Action Forum for Youth 2021 is hosted by Influence the Choice in partnership with the Issaquah Schools Foundation, the Lake Washington Schools Foundation, and both Issaquah and Lake Washington School Districts.

It’s a community event, which is held every two years to coincide with the release of the Healthy Youth Survey Data. Its focus is to join youth and adult community leaders to explore the challenges facing today's youth and create sustainable solutions. This year’s focus is on understanding students’ current mental health needs and finding the solutions to the challenge facing today’s youth.

Jerry Blackburn, former Executive Director of Influence the Choice, started explaining the data and resources used today regarding youth experiences and what adults can do to support youth in developing resilience. The goal is to help young people navigate not only the current crisis but also the crisis that they might experience as young people going forward.

Therefore, there are two approaches that adults or the community can take to support young people. One approach is the crisis response. Learn to respond to any crisis from a growth mindset standpoint. Appreciate the nature of it as profound, accept the reality, and do everything to access support systems. In the end, develop a community and make connections around it so that people can get to a place where they have the capacity to deal with the next level of adversity, which our young people will experience. This is a skill set that youth will need as they venture out into the world.

7 Cs of Resilience

Another approach to think about is building resilience skills. Kenneth Ginsburg, MD MS, Ed, FAAP developed the 7 Cs of Resilience model to utilize young people’s strengths to support them in their development so they can bend in adversity rather than break.

1. Competence is to allow young people to experience the struggle within the system and let them recover on their own and learn from it.

2. Confidence means young people believe in their own abilities.
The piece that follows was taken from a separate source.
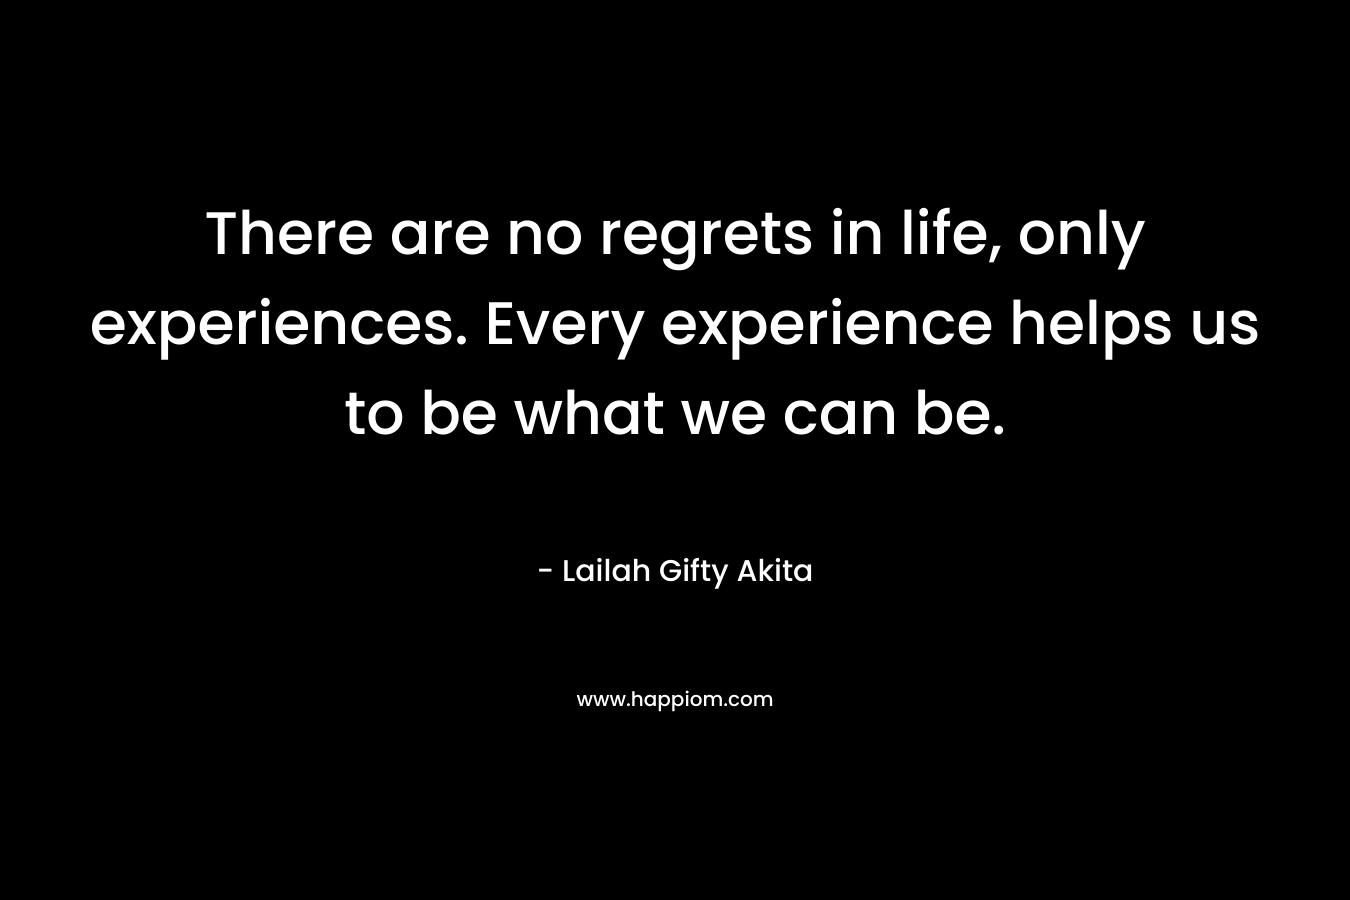 There are no regrets in life, only experiences. Every experience helps us to be what we can be.

Adults can help young people by recognizing the effort they put in rather than focusing on only the results.

3. Connection is to support close ties and belonging and help young people make connections in the community.
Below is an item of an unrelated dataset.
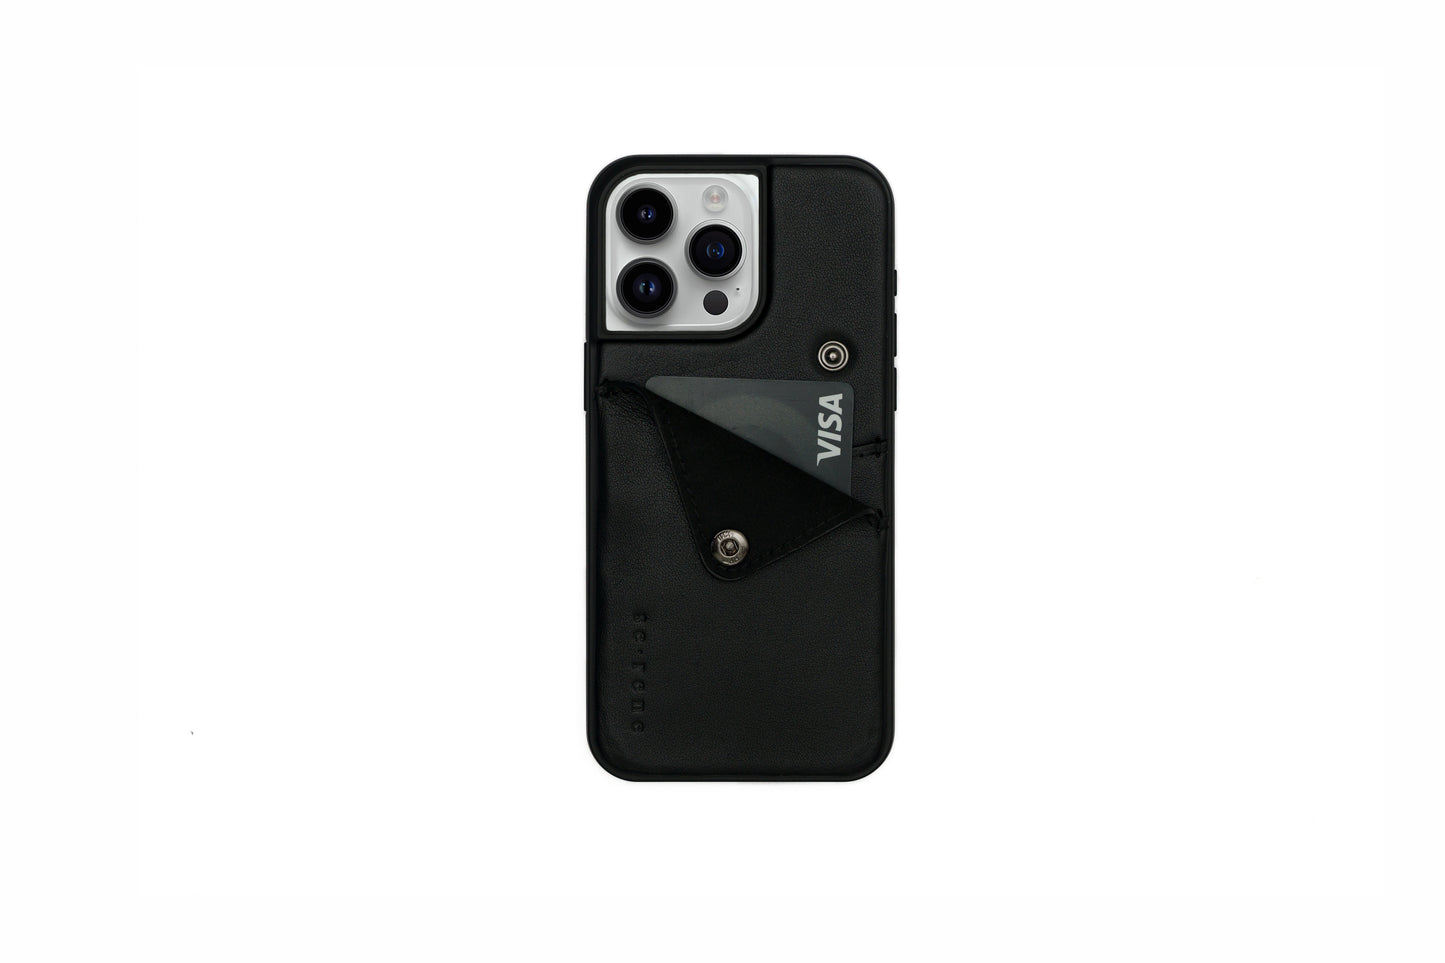 Mens iPhone Cover - Black Leather

4. Character is to support value/spiritual development and opportunities to care for others and encourage empathy, acceptance, and inclusion.

5. Contribution means being of service to others and having the capacity to step away from their own experience and put yourself in the arena of another individual to support them to be successful.

6. Coping is to support/model healthy strategies by encouraging a growth mindset and letting them make decisions. Adults are really role models for healthy demonstrations of resilience and capacity.

7. Control means to let young people have a locus of control so that they can develop the skill sets and capacities to believe in their ability to succeed. Show them their power, which might change their experiences and the experiences of others in a healthy way and maintain high expectations. Overall, as adults, our job is to let our young people know that we unconditionally care in these responses whether they fall and get up or continue struggling.

What’s most important for adults to know? Our young people are resilient but not everybody is in the same boat. Together we can give young people everything that they need going forward so that they are able to bend rather than break. We want them to be successful. It’s the mission for all of us.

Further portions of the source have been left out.